Background: Cellular uptake and intracellular phosphorylation to the nucleotide cytosine arabinoside-triphosphate (Ara-CTP) is the precondition for the cytostatic effect of cytarabine. The pharmacokinetics of Ara-CTP in leukemic cells was reported to be of clinical importance in adult nonlymphoblastic leukemia. Therefore, the role of intracellular Ara-CTP formation and retention was investigated in blast cells from children with acute lymphoblastic leukemia (ALL).
Patients and methods: At the time of diagnosis, peripheral or bone marrow blast cells from 41 children with ALL and 13 with relapsed ALL were incubated in Ara-C containing medium (1 hour, 1 or 3 micrograms/ml) followed by reincubation in Ara-C free medium (3 h). Intracellular Ara CTP formation and Ara-CTP retention were determined.

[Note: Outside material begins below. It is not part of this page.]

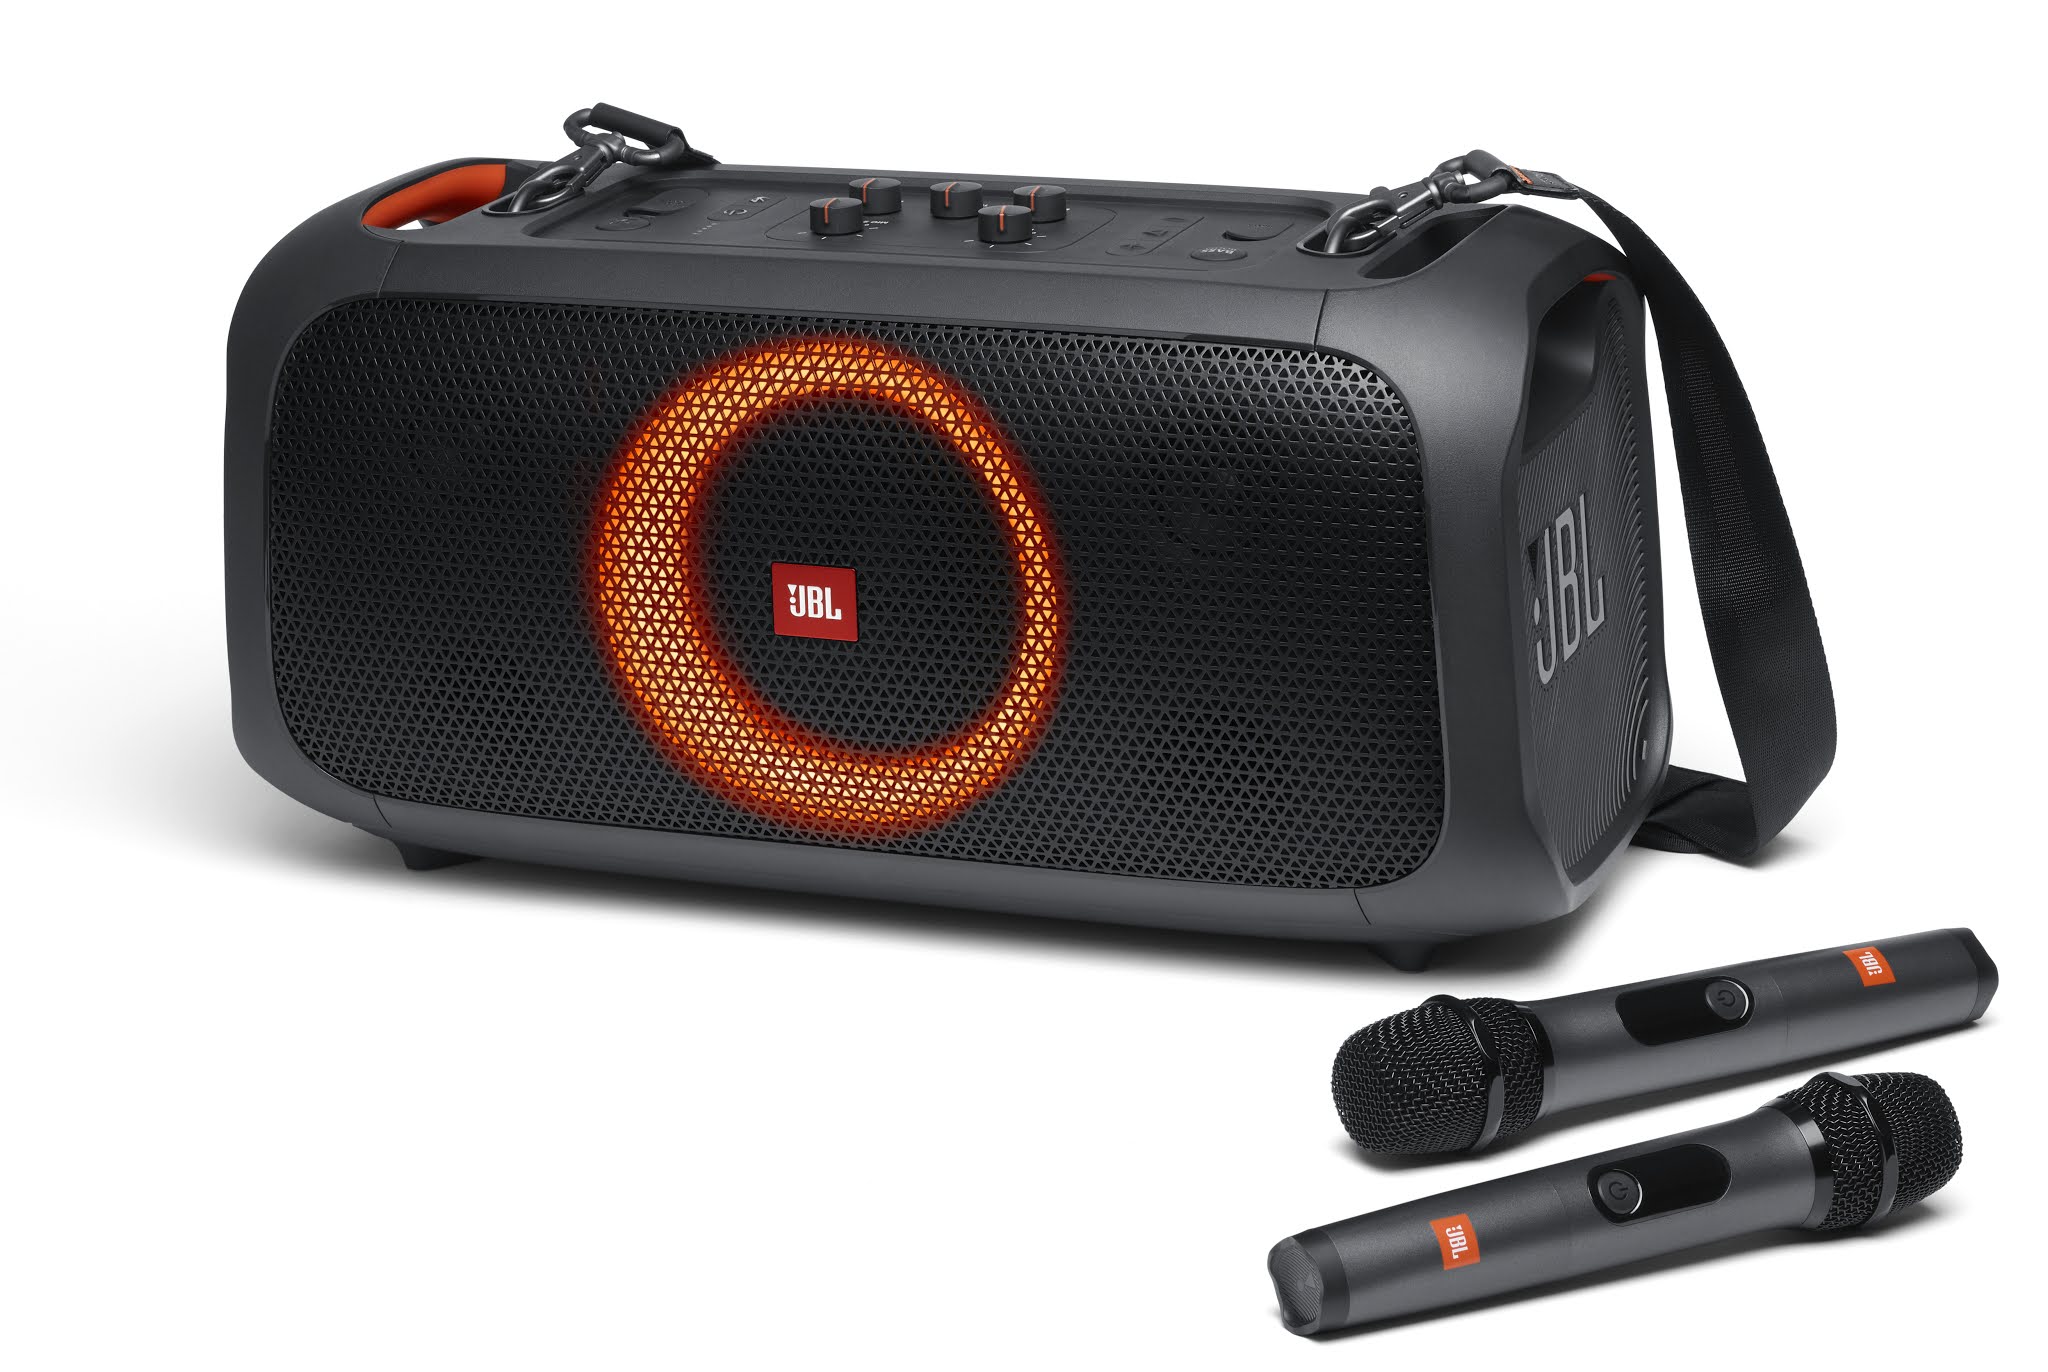 JBL strengthens audio expertise with enhanced line of Headphones and Speakers Mermaid in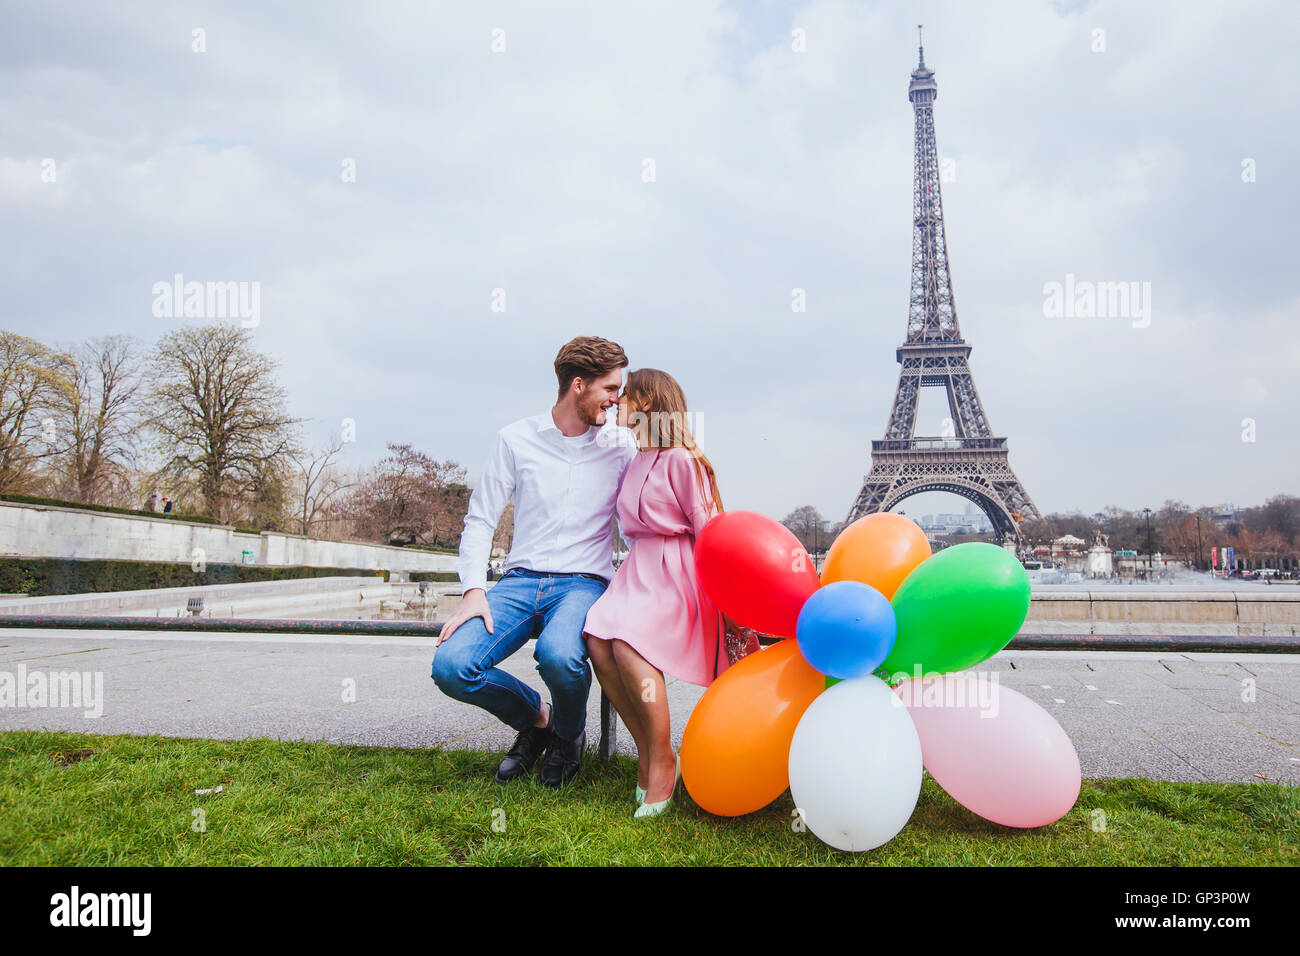 Fotoshooting Gluckliches Paar Mit Luftballons Posiert In Der Nahe Von Eiffelturm In Paris Stockfotografie Alamy

Main results: Ara-CTP formation did not show marked differences between the different immunological subtypes. Ara-CTP retention, however, was significantly lower in T-ALL (37 +/- 15%, n = 8) compared to non-T-ALL (67 +/- 25%, n = 33; p < 0.003). Ara-CTP retention was also significantly different in children with and without persistence of peripheral blast cells after one week of prednison treatment (71 +/- 30%, n = 9 and 53 +/- 19%, n = 21; p = 0.031) as well as in children with and without complete bone marrow remission on day 15 of the ALL-BFM treatment protocol (66 +/- 17%, n = 19 and 43 +/- 18%, n = 11; p = 0.018). Ara-CTP retention was inversely correlated with the risk groups defined by the ALL-BFM treatment protocols (standard 79 +/- 29, intermediate 59 +/- 25, high risk 47 +/- 21%). A trend towards lower Ara-CTP retention was observed in relapsed leukemias (relapsed non-T-ALL 51 +/- 17%, p = 0.061). The difference in the probability of event free survival (following risk group adapted treatment according to ALL-BFM trials) between children with high (> or = 72%; 0.92 +/- 0.08) and low (< 72%: 0.58 +/- 0.15) Ara-CTP retention up to now did not reach statistical significance (p = 0.12).
Conclusions: The more rapid decrease of cellular Ara-CTP in T-cell leukemia and children at higher clinical risk groups provide a pharmacokinetic rationale for prolonged infusion duration as an alternative to the intensification by dose escalation alone.